I felt kind of dizzy, for a big, black problem was swelling in my mind. After all, Julie Welch had killed her sister, and I was sheriff and sworn to...

Doc Rennie and Fillmore were both looking at me.

“Doc,” I said finally, desperate, “you’re sure this Tilling fellow knows what he’s talking about?”

Doc Rennie smiled. “Well,” he said, “he’s been able to cure — completely — many people like Julie who twenty years ago would have gone to insane asylums or the electric chair.”

“Cure!” Fillmore shouted it.

“Tilling told me over the phone,” said Doc Rennie, “that Julie Welch’s case sounded like a brain lesion — remember that fall from the cherry tree — or possibly a glandular disturbance.”

Hi Fillmore said: “What are you going to do, Ed?”

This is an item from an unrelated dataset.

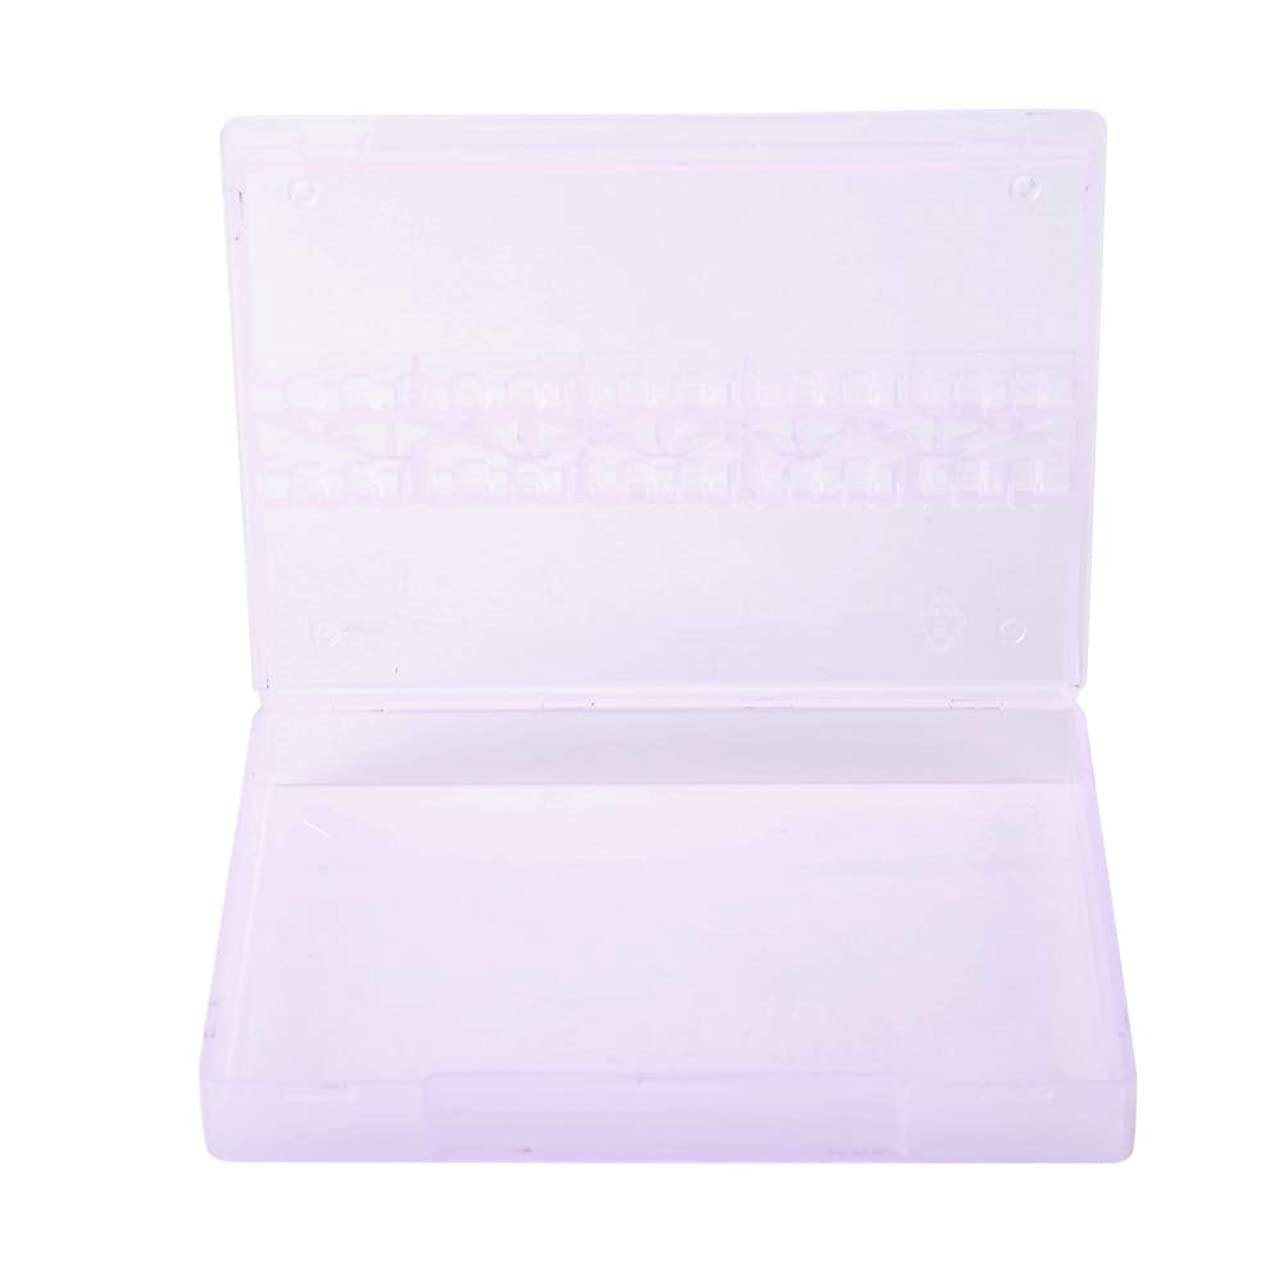 ストレージボックス、14グリッドネイルドリルビットストレージネイルアートネイルポリッシュヘッドディスプレイケースネイルツールコンテナ(紫の)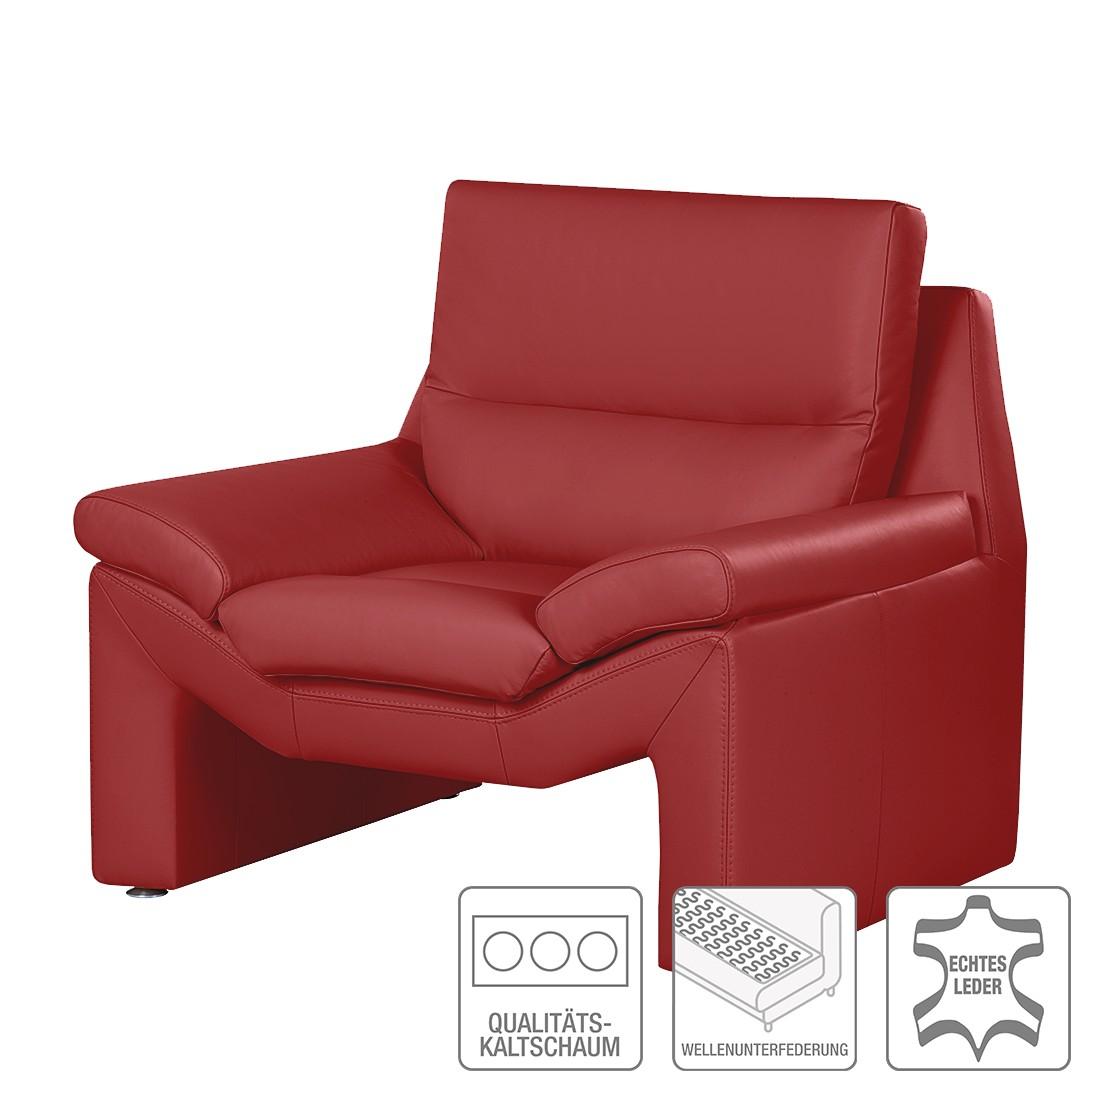 Sessel Longford - Echtleder Rot, Nuovoform

I thought a long while. When I decided, it was like snapping those steel bands which seemed to have been binding my chest for hours and hours.

“Nothing,” I said. I looked at them. “You two are going to do it all.”

I won’t say I didn’t enjoy the start Doc Rennie gave.

“Doc,” I said, “you’re going to take Julie to this Tilling guy as soon as possible. Hi,” — he was on his feet now and I pretended not to notice what was happening to his eyes behind those thick lenses — “you’re going to stay here and run your paper and pray that Julie gets well soon so you won’t have to wait long before you get married.”

“And what are you going to do, Ed?” asked Doc Rennie, and his eyes were glistening like Hi Fillmore’s.

I yawned. “Going home to bed,” I said. “When I wake up, I’ll have forgotten every word said in this room this morning — like you two will. Come on, Doc. Hi, you take charge and give it out that Julie’s had a breakdown because of her sister’s death and that Doc and you are taking her away for a long rest.”

Hi couldn’t speak but he shook my hand. I could still feel the pressure when I was helping Doc Rennie into the car.

I said, “Doc—”

He said quickly: “You’re worrying about letting people think O’Moore killed Johanna Welch.”

“Yep,” I said. “That’s it.”

“Look at it this way,” he said. “By allowing people to believe a lie, you turn O’Moore’s suicide from a life thrown away to no profit into a sacrifice that will purchase happiness for two very decent people. After all, your townspeople believe O’Moore was insane, so they won’t think too harshly of him.”

So I put it out of my mind. Once in a while I think, “Here I’ve helped cover up a murder by letting people lay it at the door of an innocent man.”

But then I see how happy Hi Fillmore and Julie are — she’s cured now and they’ve been married some time — and it reminds me of what Doc Rennie said. And, funny thing, the old conscience doesn’t bother me a bit.